The Buddha taught that all life has three characteristics. The events of the past few days exemplify two of them: the suffering and impermanence of this human life. The third characteristic that the Buddha realized, the characteristic we call emptiness, is that all things are without a separate, independent "self" -- or to put it in a more positive way, we are constantly and without end creating each other's lives and we do not exist separately or alone. When we participate in the activity of being available to receive the pain of the world and in turn give solace, we are enacting the truth of this mutual creation. Offering compassionate thoughts or words can be seen as a ceremony that celebrates and exemplifies the unknowable and total interdependence of all life.

There are many actions that we are being encouraged to take right now.

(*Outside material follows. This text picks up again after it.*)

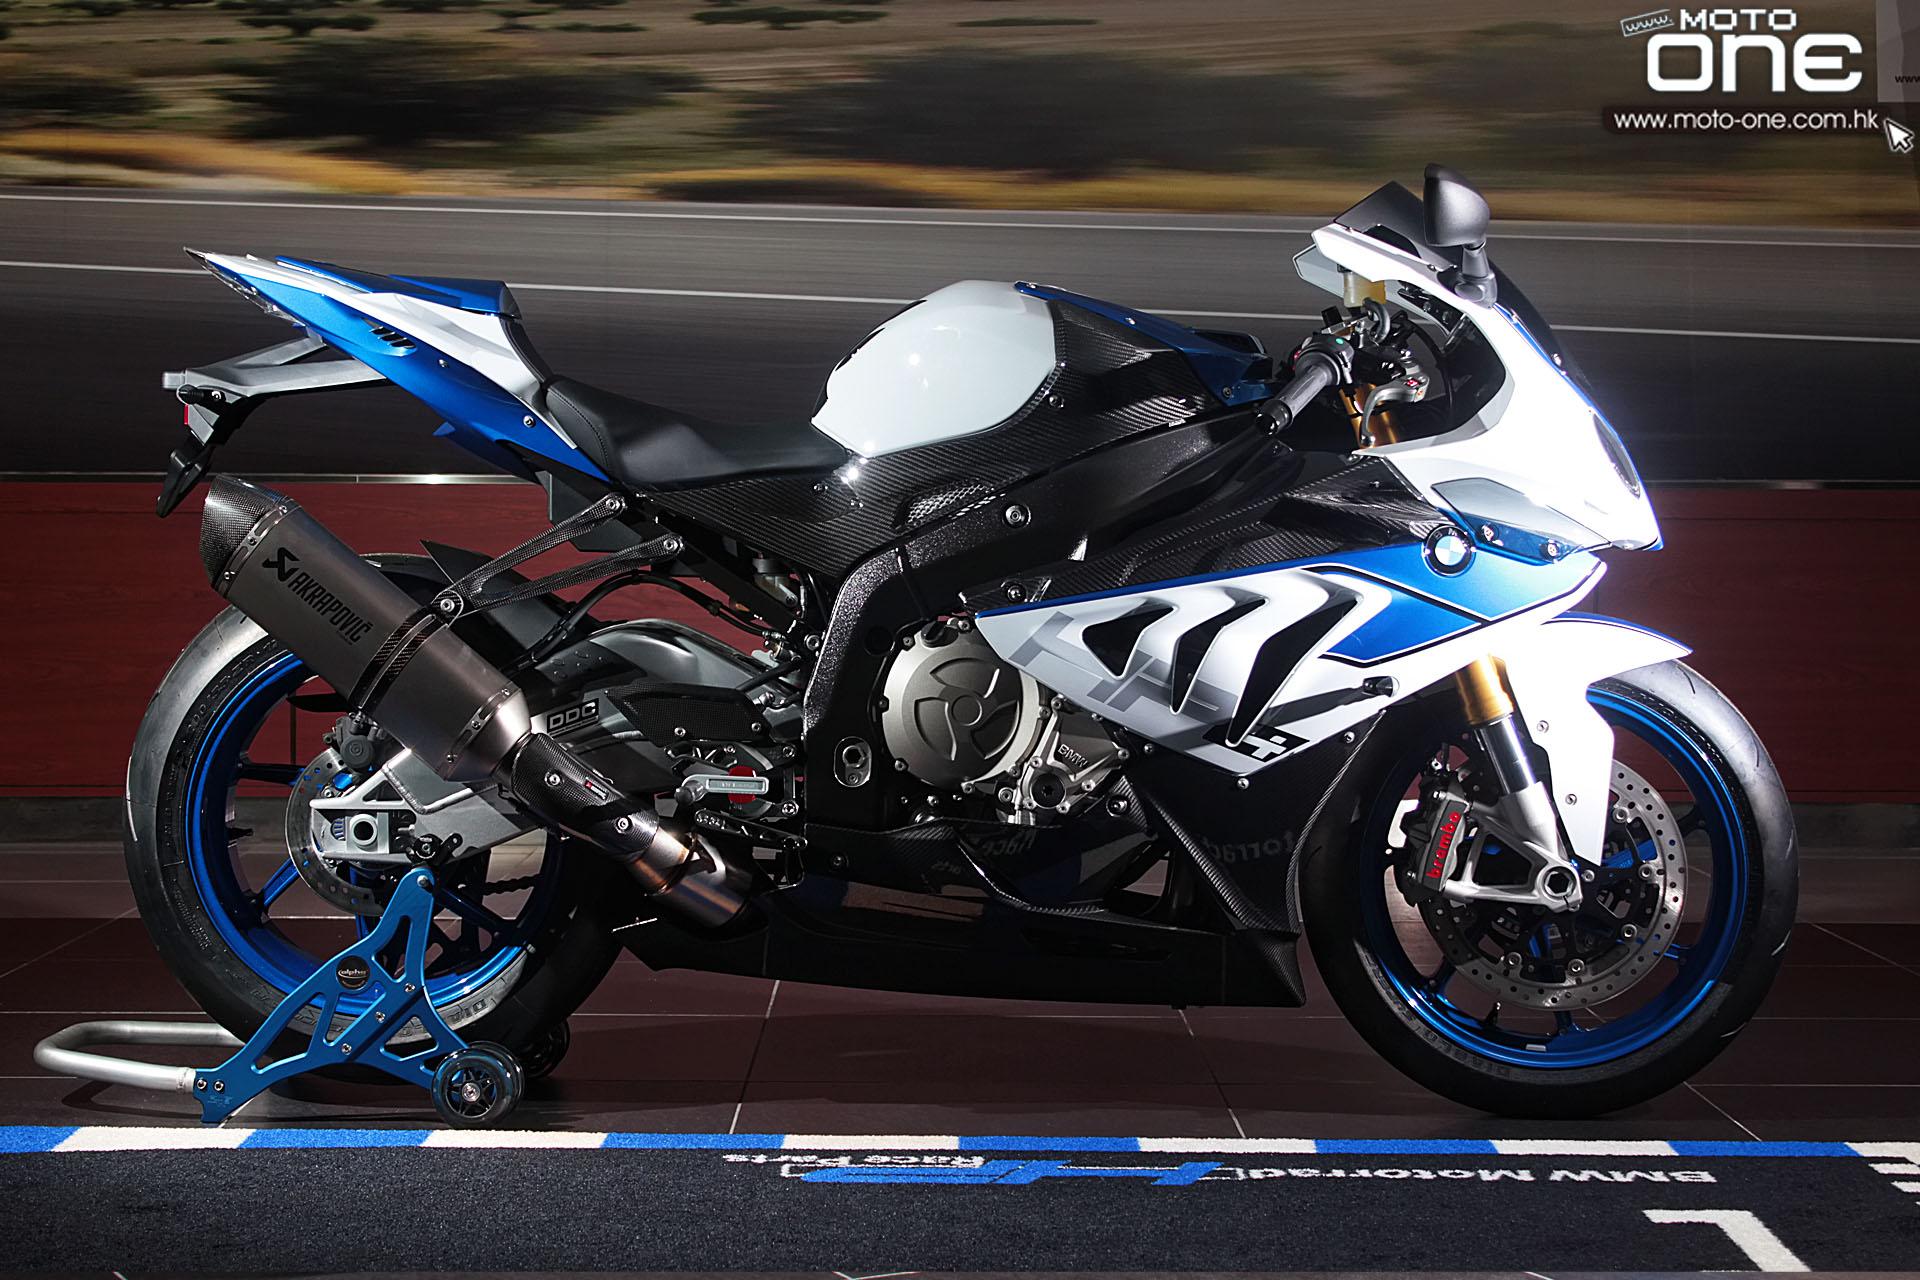 Bmw Motorcycle Hk Price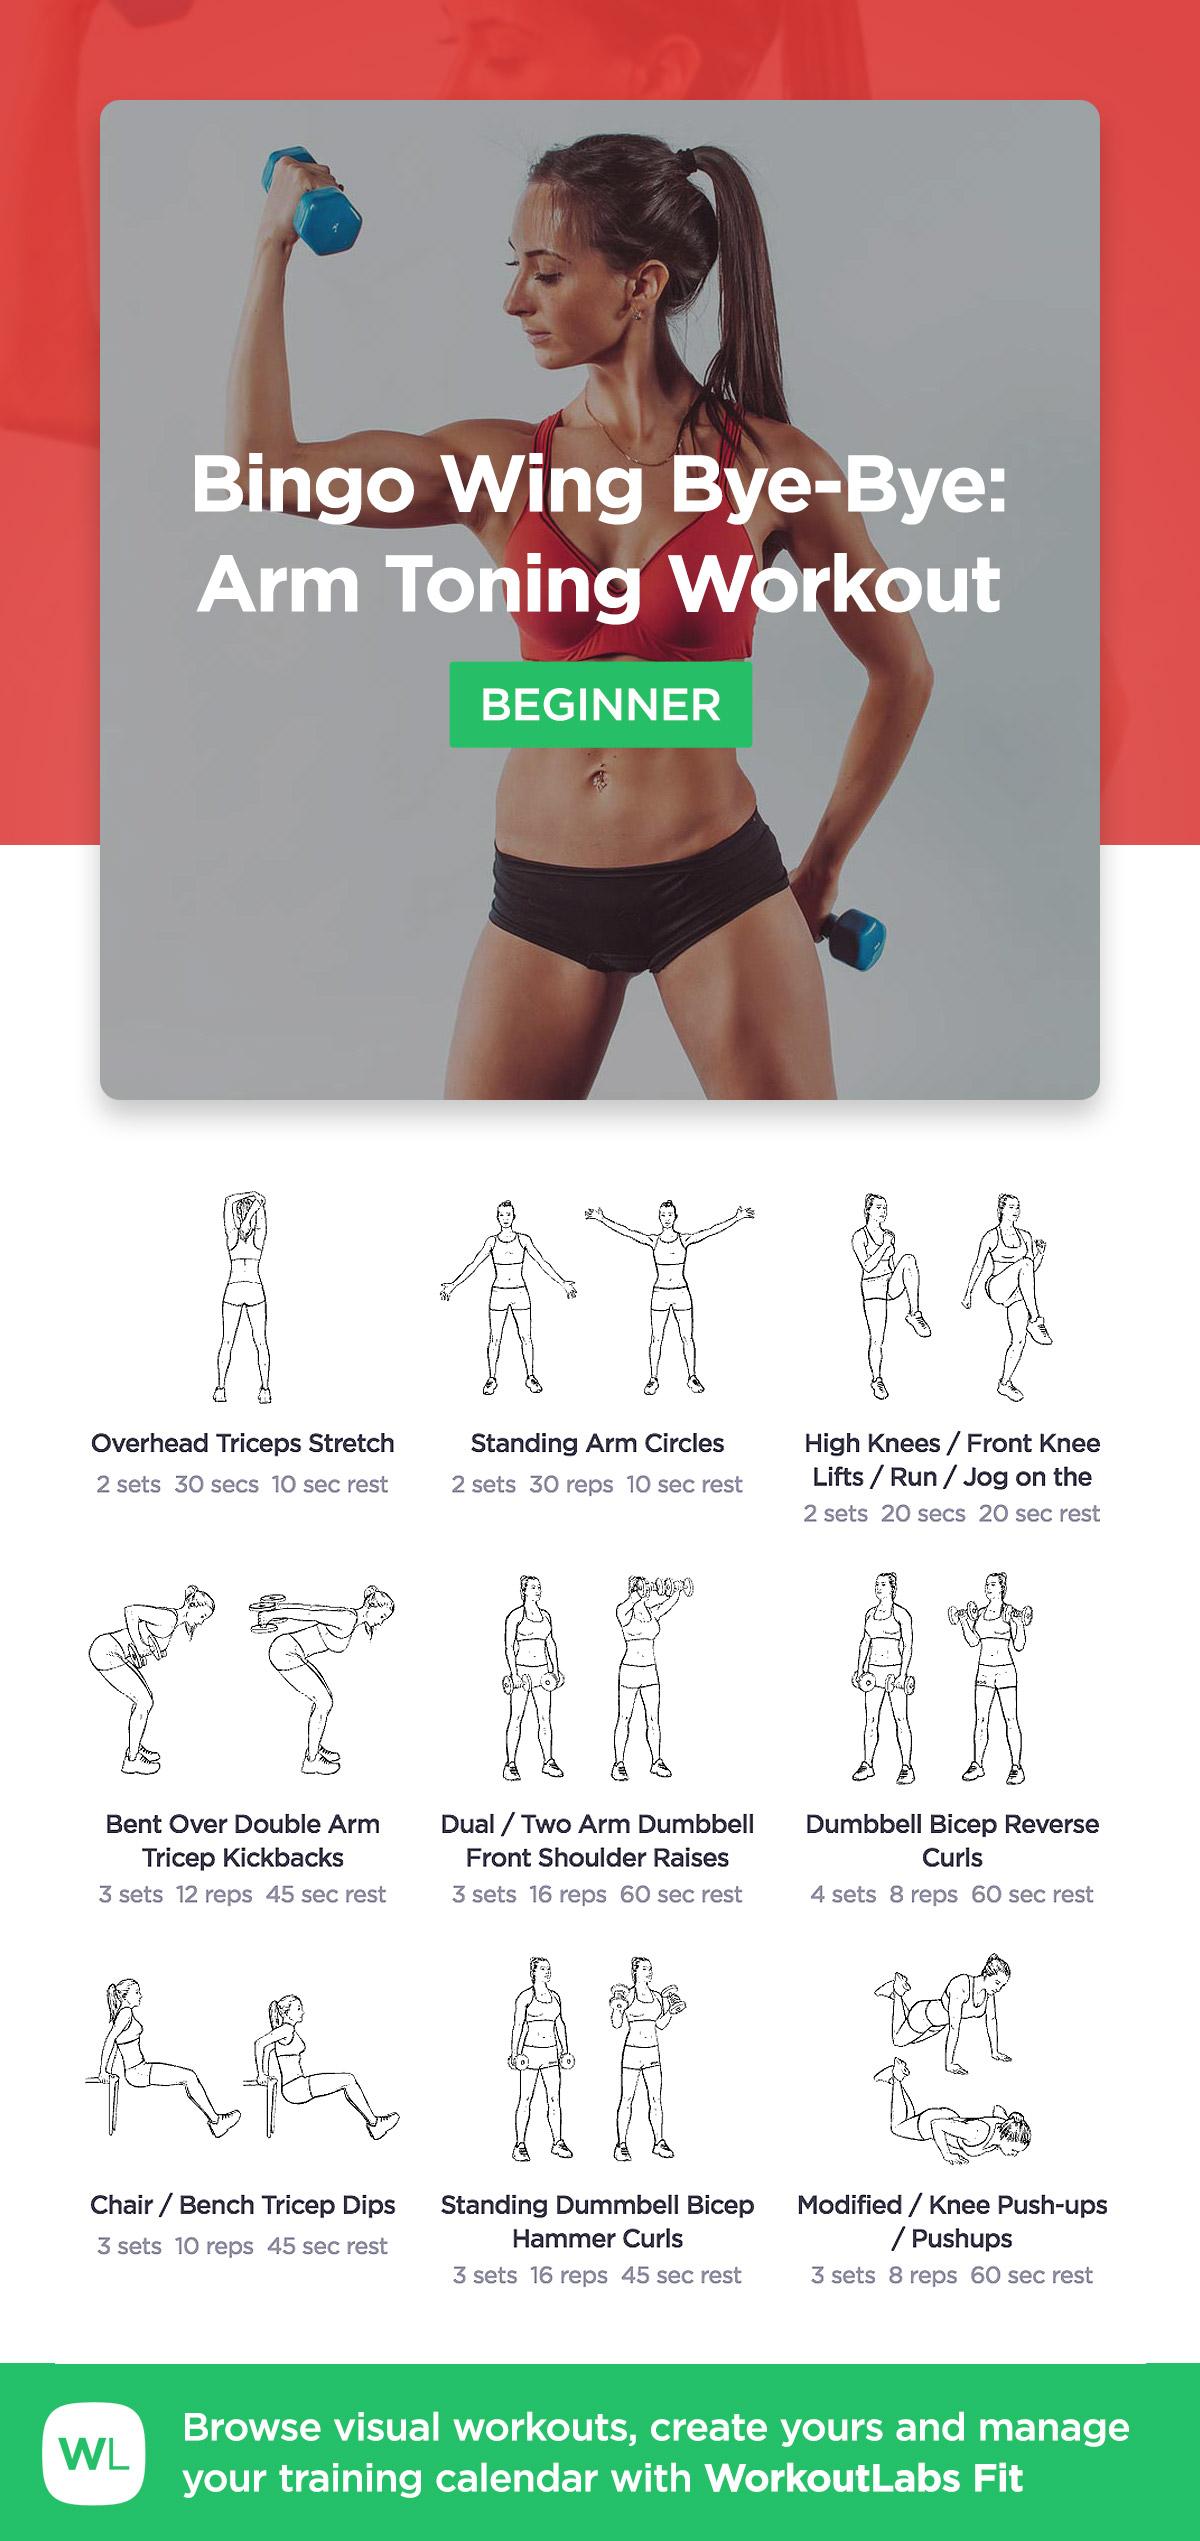 Bingo Wing Bye Bye Arm Toning Workout · WorkoutLabs Fit

I was particularly moved by the suggestion of doing 26 good actions, in honor of those that were killed, and I make a commitment to do this, letting each person know that the gesture I make is in honor of a life that will not be able to contribute in that way.

There are other actions that, while well meaning, may be vehicles for diverting our pain. When I read such things as "Demand Gun Control," the feeling of violence in that emanates from that word "demand" does not bring me closer to the pain. This doesn't mean that working toward solutions that might save lives in the future is necessarily a diversion -- but for me, right now, redirecting the energy into anger, or hatred or cynicism or violence that I could be using to stay close to my heart, seems like the wrong direction.

As I feel the grief of loss, I also celebrate this interdependent life in which we hold each other up, and mutually create the world. This world is empty of permanent, unchangeable things, and full of mutable, vibrant, complex, relational life. A life in which, when we can allow ourselves to feel each other's pain, we heal each other's pain.